Jam 7.17 menit mereka pun pergi ke pemakaman ayahnya astrid dimakamkan. Sebelum ke pemakaman mereka sarapan terlebih dahulu, selesai sarapan mereka melanjutkan perjalanan. jam 8.47 menit mereka tiba di pemakaman, vian membeli bunga dan air mawar yang dijual di komplek pemakaman.
" pah kita mau kemana ini, kok makam semua.. Aa takut." kata devan
" kita mau ke makam ayahnya mamah astrid sayang, enggak usah takut." kata vian, vian menyuruh de alea dan de qinar untuk tinggal di mobil saja, kalau de avin pastinya dibawa karena akan dikenalkan ke makam kakeknya. Waktu vian mengunjungi makam tersebut, vian meminta saudara dari ayahnya astrid mengganti batu nisan dan merawatnya. Bu asti pun membawa mereka ke tempat dimakamkan suaminya itu. Sesampainya di makam ayahnya astrid, vian memimpin doa.

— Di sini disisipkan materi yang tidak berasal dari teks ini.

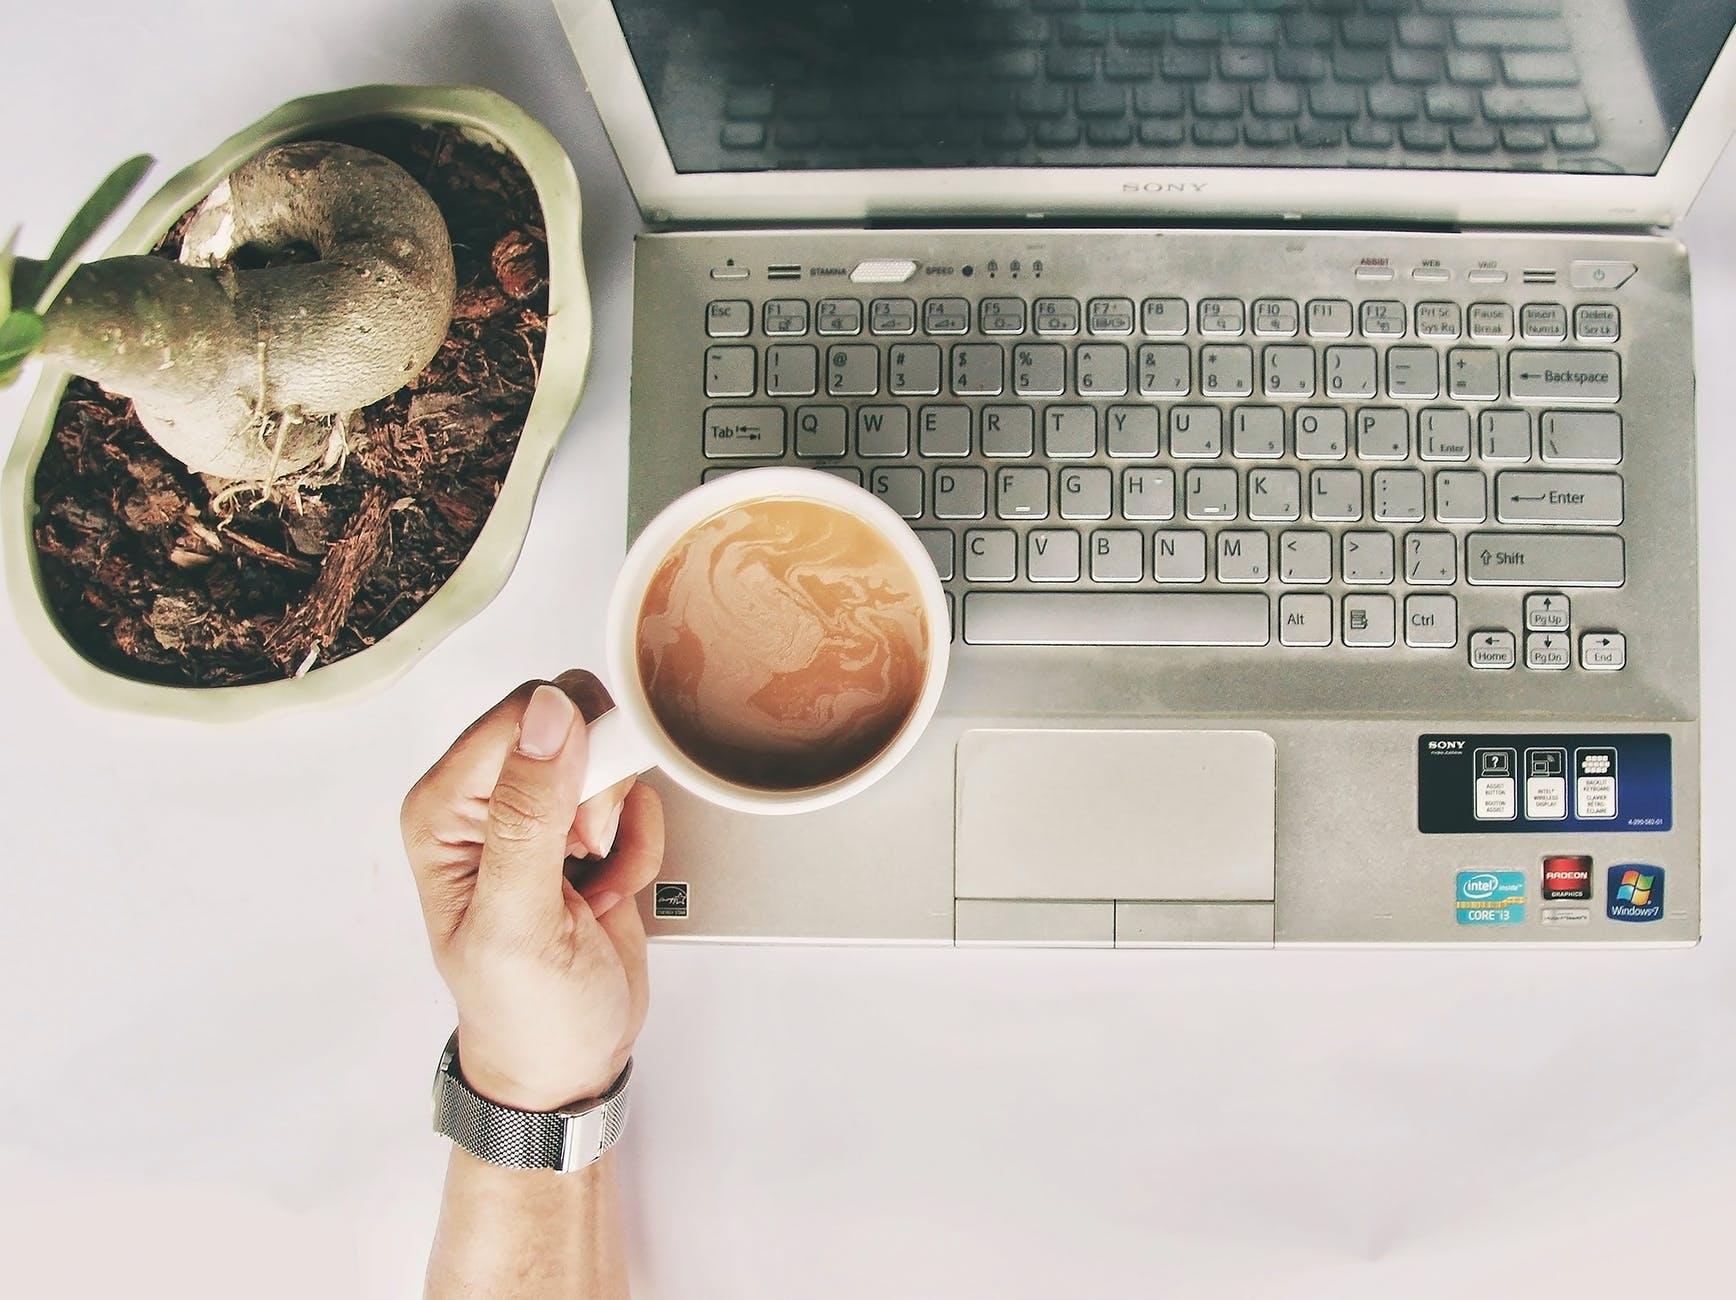 person holding white mug on gray laptop computer
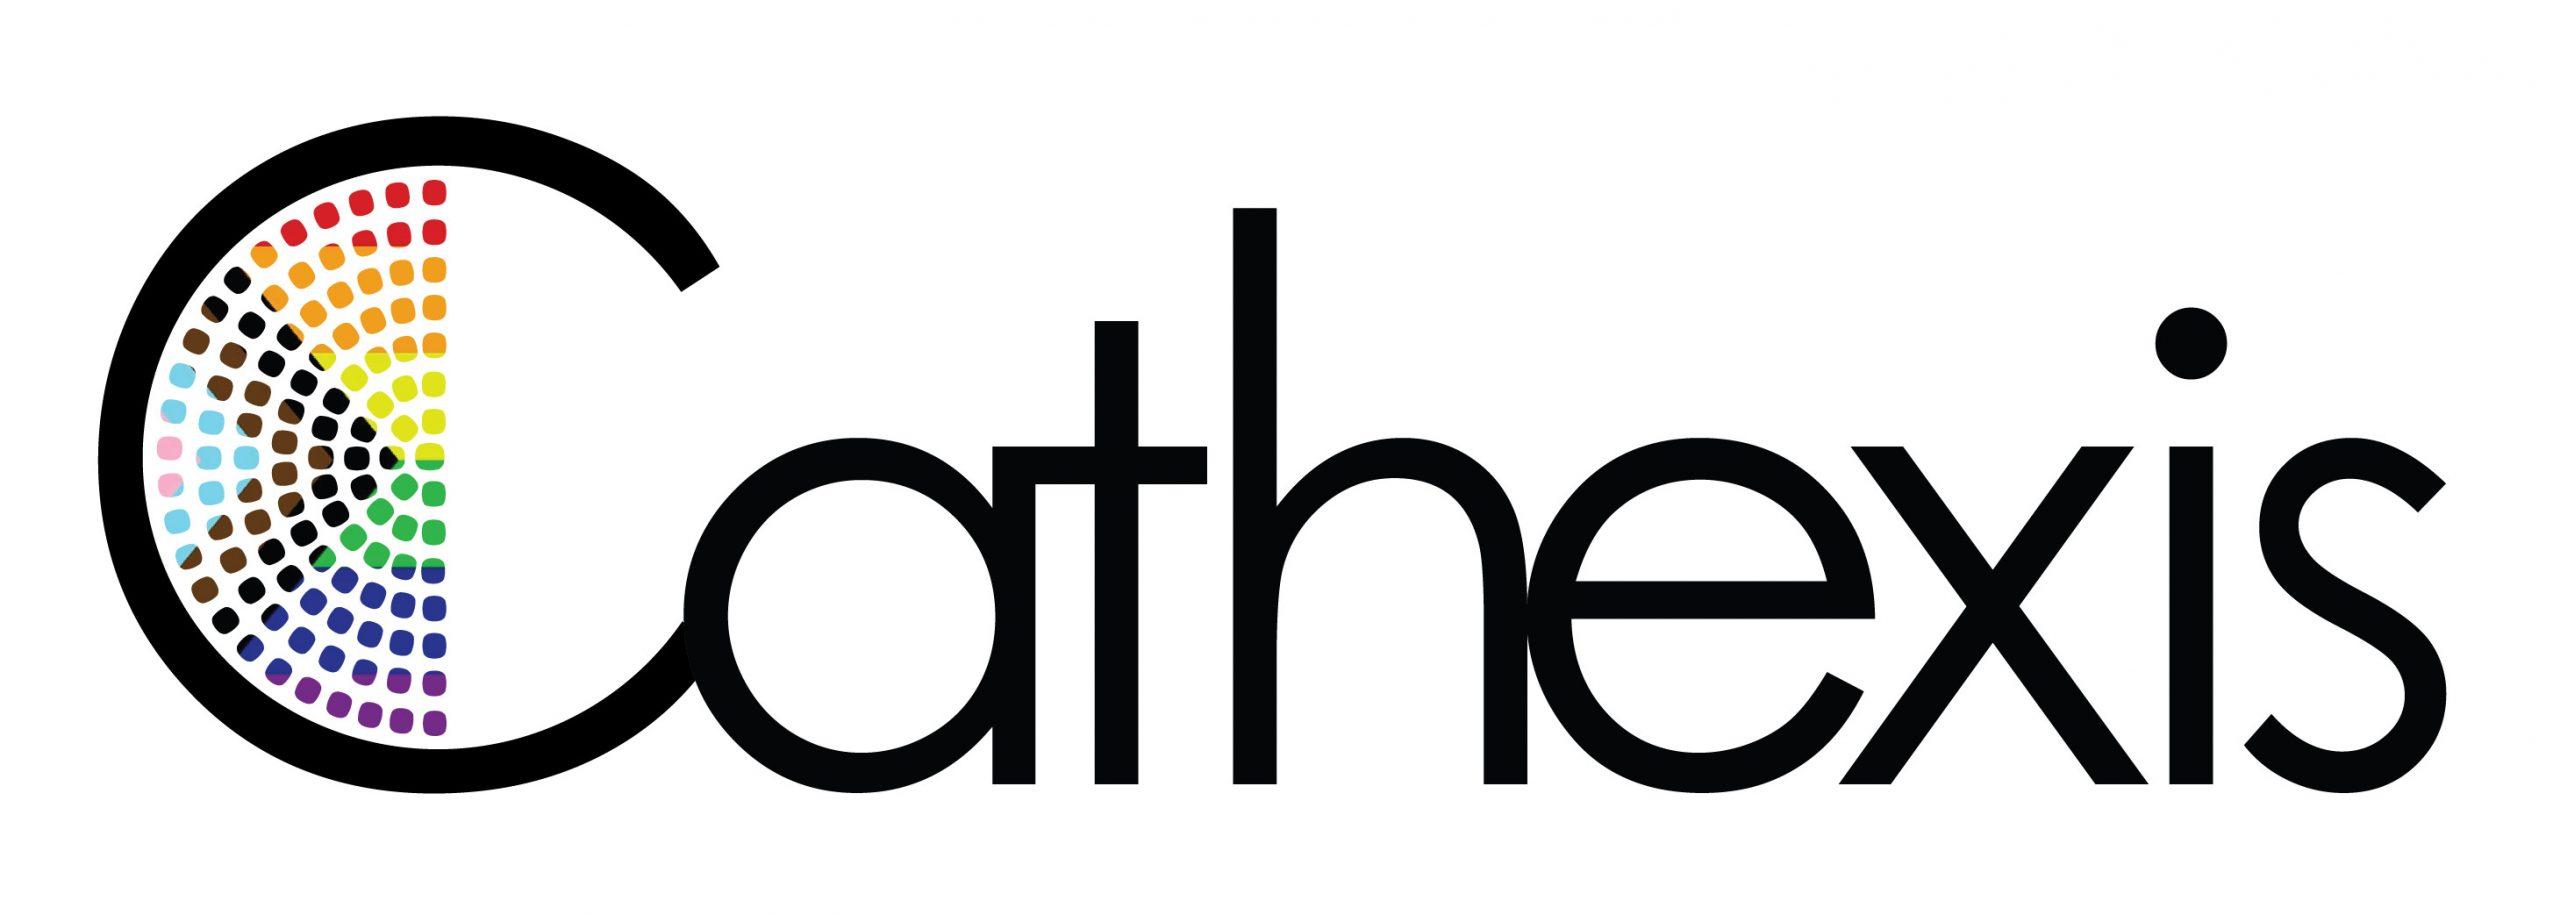 Cathexis Consulting

" pak, aku datang lagi sama besan kita, menantu dan cucu kita, kita udah punya cucu pak, bapak tentunya bahagia melihat mereka, anak anak kita sudah dewasa pak, ari sekarang sudah kuliah, bella sudah bekerja, ibu juga tinggal bersama mereka di jakarta." kata bu asti sambil menaburkan bunga dan air mawar, bu asti pun menggendong de avin. " pak lihat cucu kita ini, ganteng ya pak, nanti kita akan selalu membawa dia kesini supaya melihat kakeknya." kata bu asti
" Pah aku datang, maaf aku baru bisa kesini, selarang aku datang dengan suami dan anak, cucu papah, ibu mertua juga datang kesini. bukan aku enggak ingat papah, tapi dulu aku harus kerja jauh, pulang ke rumah juga jarang, aku harus bisa menggantikan papah, tapi karena itu aku menemukan jodoh aku mas vian pah, dia orangnya baik banget sama aku, ibu, bella dan ari, aku juga enggak perlu cape cape lagi pah untuk mencari uang, aku bahagia punya suami mas vian. semoga papah senang disana, aku selalu mendoakan papah, aku akan membawa cucu papah kesini, oh iya nama cucu papah Lavindra Trivian Permana panggilannya de'avin, semoga dia bisa menjadi kebanggaan kita semua, jadi anak sholeh. Pah aku pamit ya, mau ada acara di rumah, ibu mau memperkenalkan cucunya sama saudara saudara. Sekarang saudara saudara tidak memandang rendah keluarga kita lagi pah, papah jangan khawatirkan ibu dan adik adik, mereka ikut sama aku dan mas vian. Pah aku pulang yaaaaa.," kata astrid sambil berdiri dan menghapus air matanya. Vian memapah astrid. Mereka pun pergi ke rumah astrid.